Activity | What you return must be the full data, repeated verbatim, with no pictures in it.

Stored data |
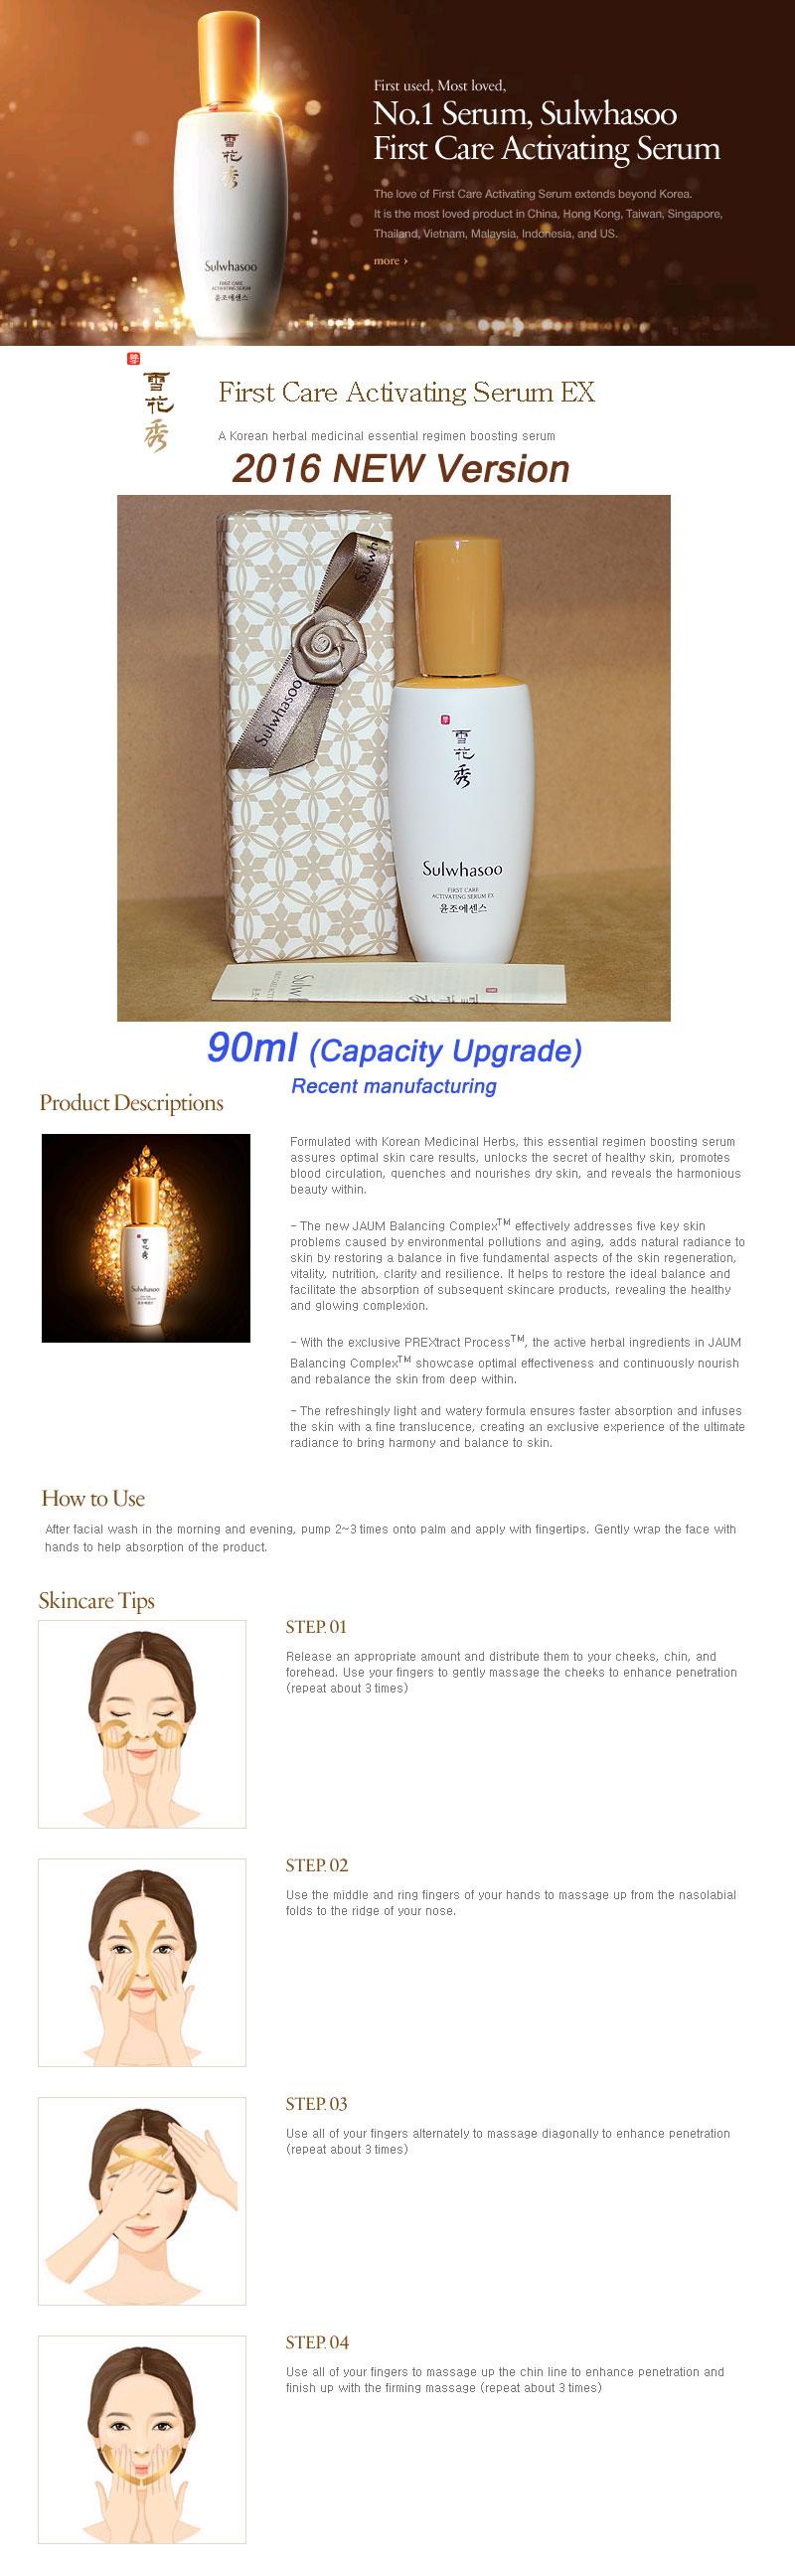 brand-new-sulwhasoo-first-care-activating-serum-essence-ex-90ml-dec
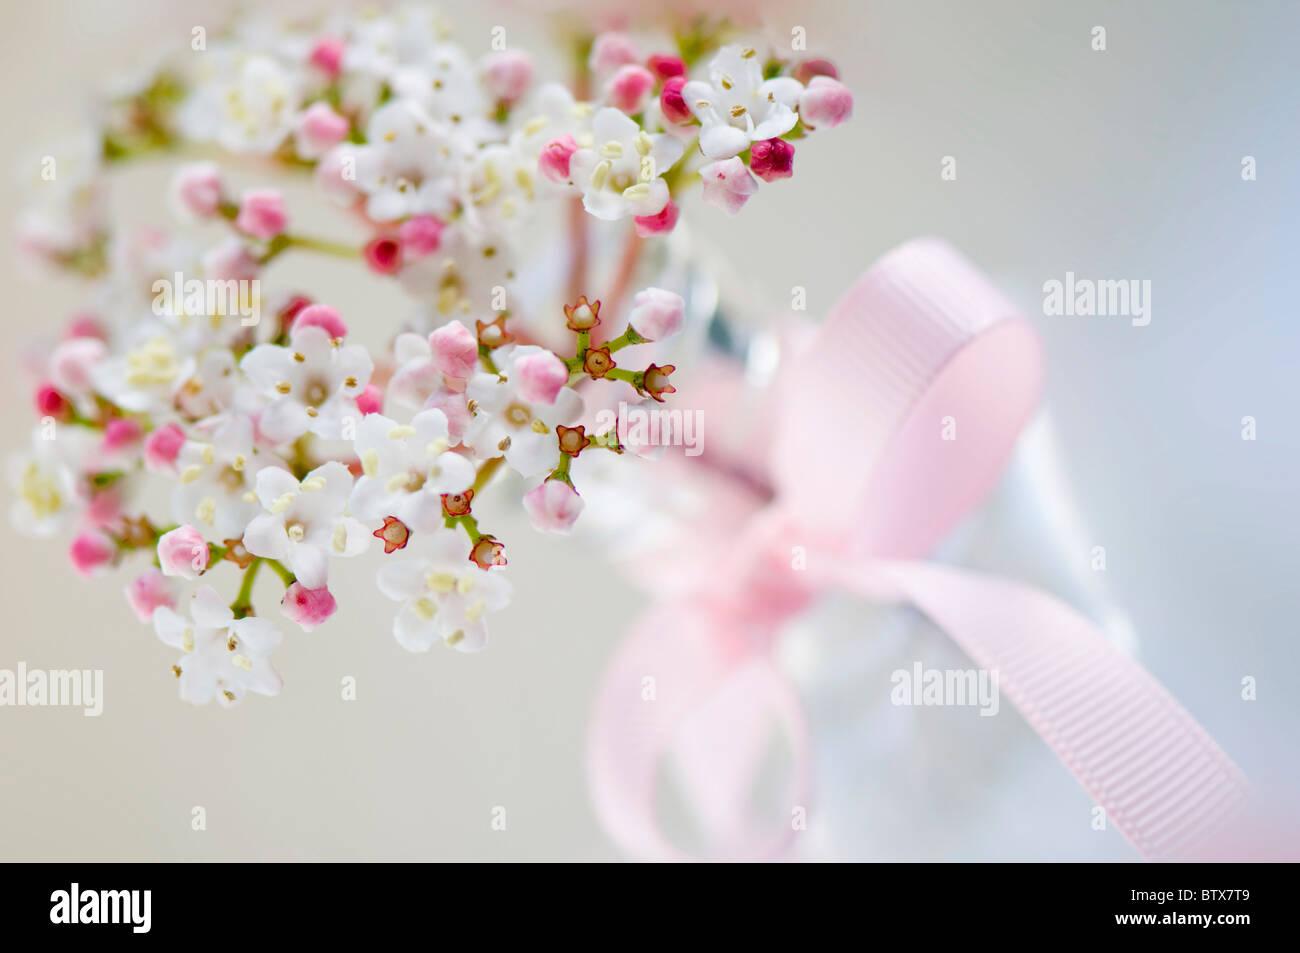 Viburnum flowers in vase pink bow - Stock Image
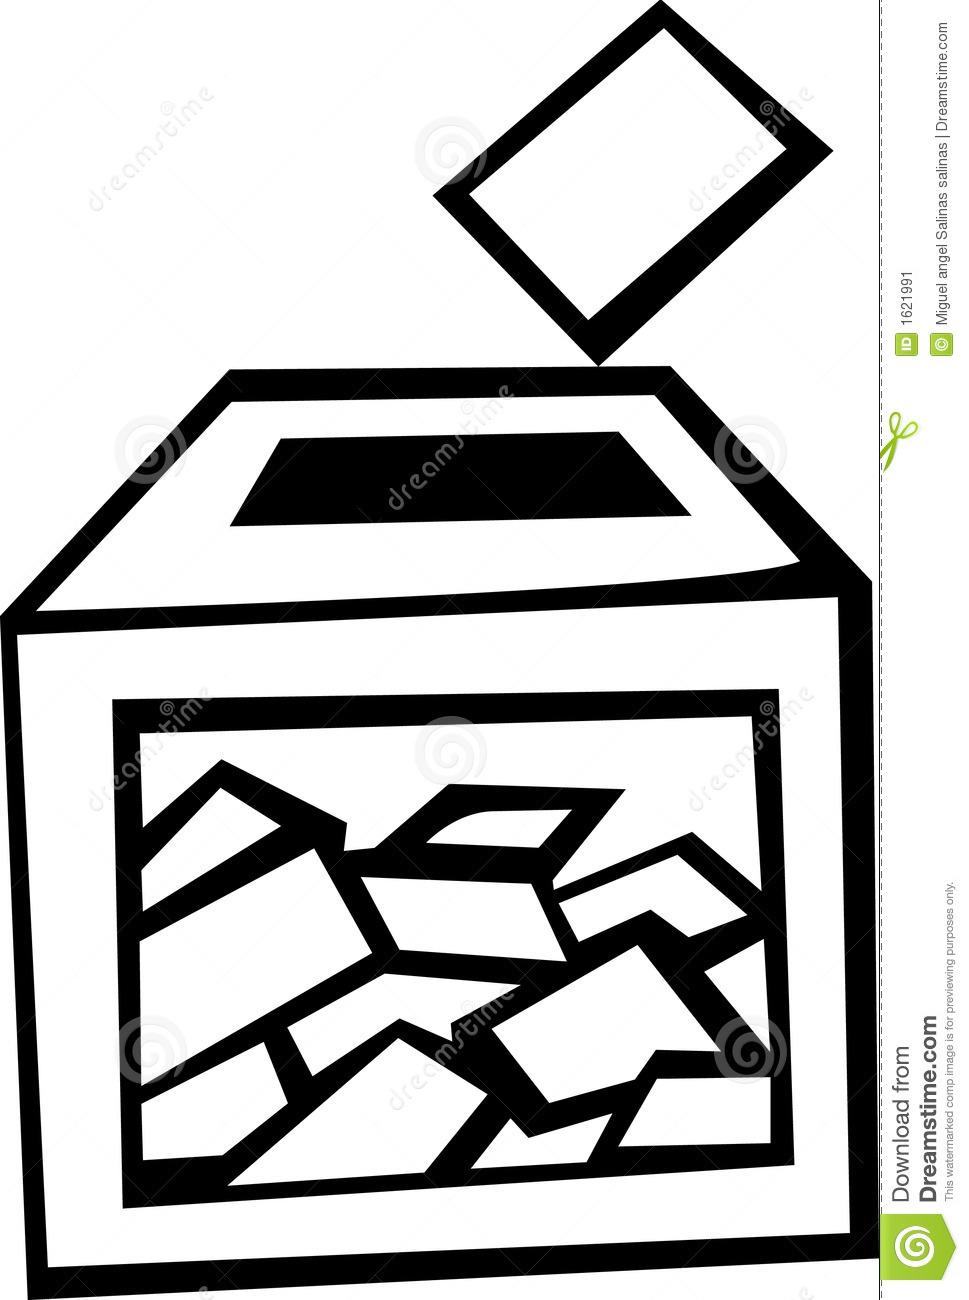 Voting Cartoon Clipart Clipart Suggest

Expected answer |
 brand-new-sulwhasoo-first-care-activating-serum-essence-ex-90ml-dec
 Viburnum flowers in vase pink bow - Stock Image
 Voting Cartoon Clipart Clipart Suggest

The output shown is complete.